Frequently Asked Questions
Why use Kafka instead of direct webhooks for FHIR events?
Direct webhooks fail when the consumer is temporarily unavailable—the event is lost. Kafka provides durable storage, replay capability, and the ability for multiple independent consumers to process the same events. For clinical systems where event loss can affect patient safety, Kafka's durability guarantees are essential.
What is the difference between FHIR Subscriptions and CDC?
FHIR Subscriptions are application-level—the FHIR server detects changes and notifies subscribers. CDC is database-level—it reads the transaction log and captures every change regardless of how it entered the database. Use FHIR Subscriptions when the FHIR server supports R5 topics. Use CDC when you need to capture changes from non-FHIR sources or legacy databases.

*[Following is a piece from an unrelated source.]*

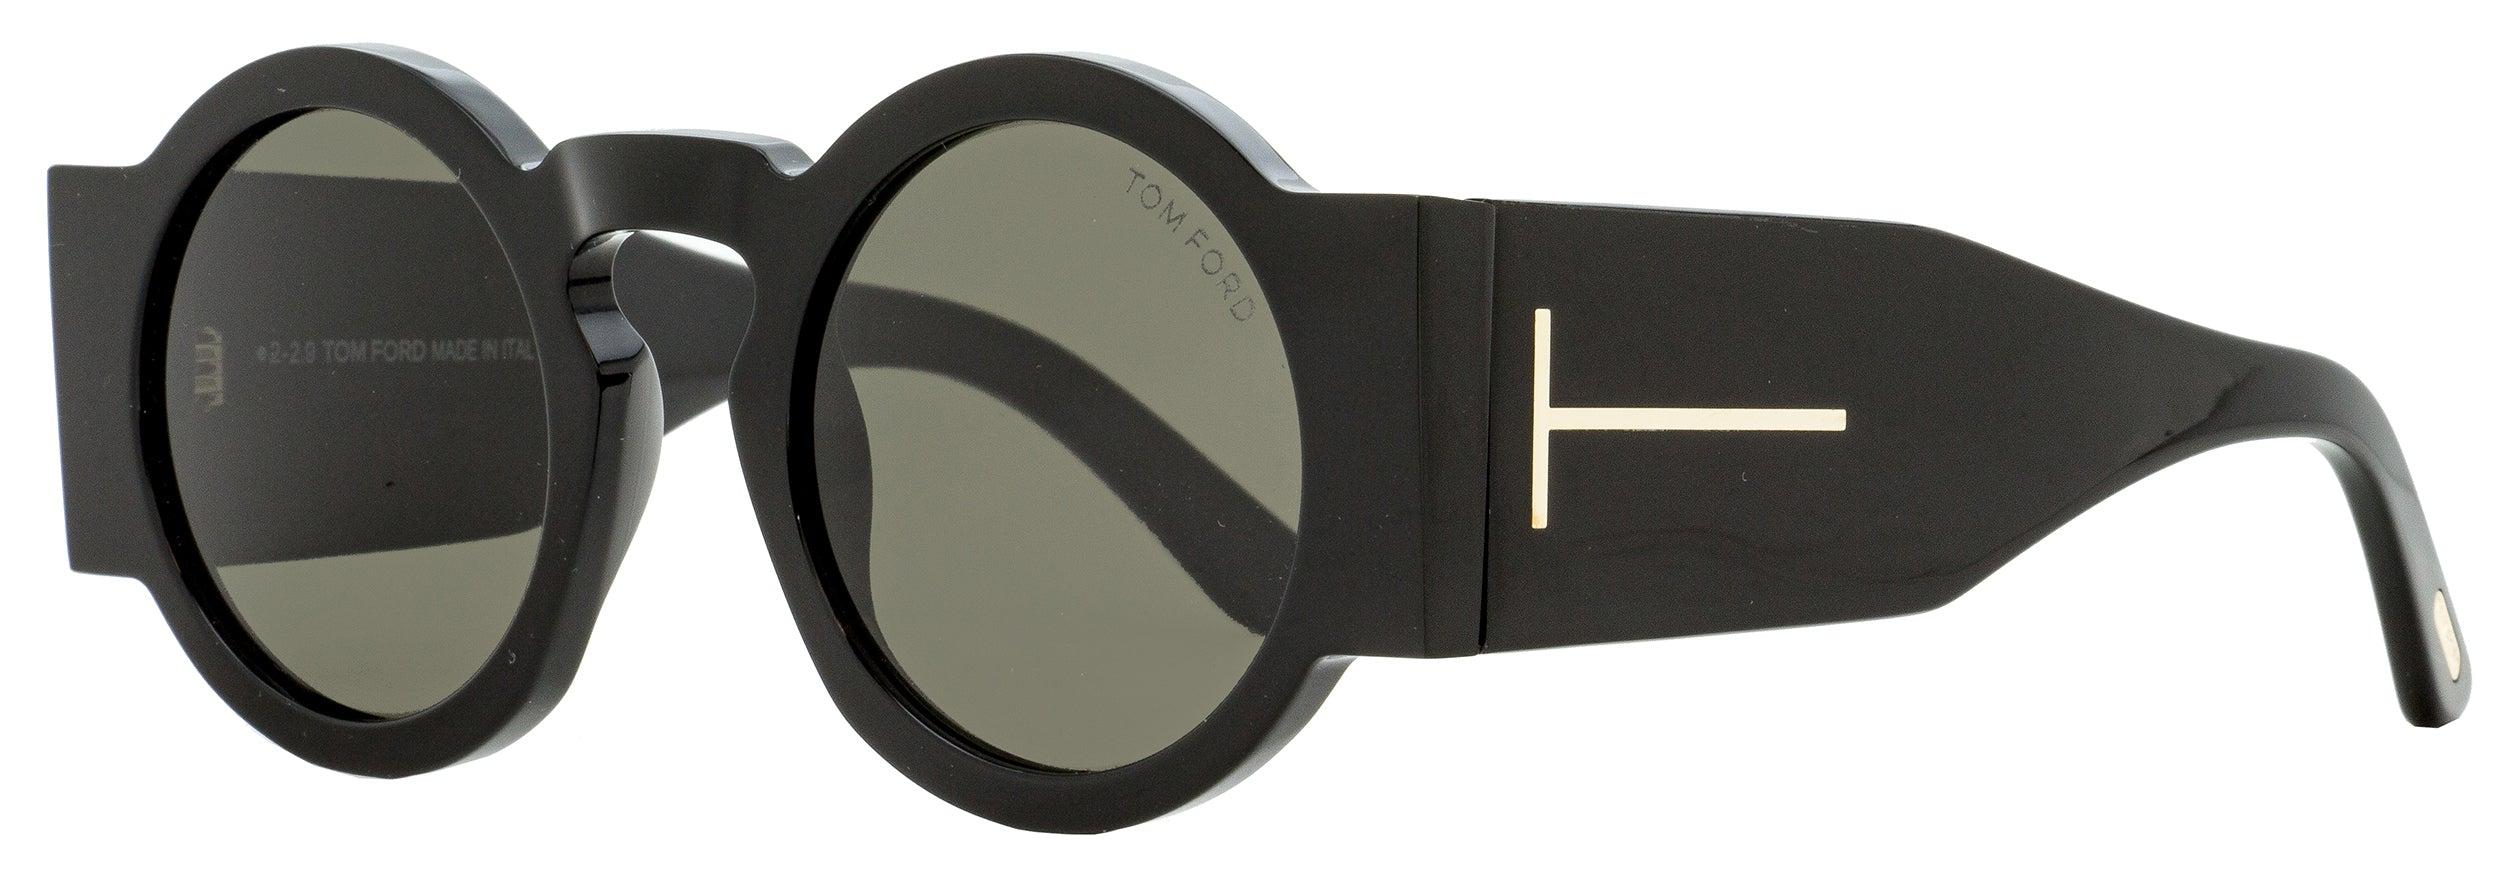 Tom Ford Round Sunglasses Tf603 Tatiana-02 Black 47mm | Lyst

How do you handle event ordering for the same patient?
Partition Kafka topics by patient ID. All events for the same patient flow through the same partition, and Kafka guarantees ordering within a partition. This ensures that clinical events for a given patient are processed in the correct chronological sequence.
What retention period should clinical events have?
Operational events (dashboards, alerts) need 7-30 days of retention. Analytics events need 90 days to 1 year. Audit events should be retained for 7 years to meet HIPAA requirements. Use tiered storage—hot storage on Kafka brokers for recent events, cold storage on S3 for long-term audit retention.
Can this architecture work with existing HL7 v2 interfaces?
Yes. HL7 v2 messages can be published to Kafka topics using a Mirth Connect channel or a custom adapter. The event consumer normalizes HL7 v2 messages into FHIR resources before processing. This hybrid approach allows gradual migration from HL7 v2 to FHIR without disrupting existing integrations.
How do you handle schema evolution for FHIR events?
Use a schema registry with backward compatibility mode. When the FHIR event schema changes (e.g., adding new fields to the event envelope), the registry validates that existing consumers can still parse the new format. FHIR resources themselves are forward-compatible by design—consumers should ignore unknown elements rather than failing.
What happens when a Kafka broker goes down?
Kafka replicates data across multiple brokers. With a replication factor of 3 (standard for production), the cluster tolerates the loss of any two brokers without data loss. Producers and consumers automatically failover to remaining brokers. For healthcare deployments, run Kafka across three availability zones to protect against infrastructure failures.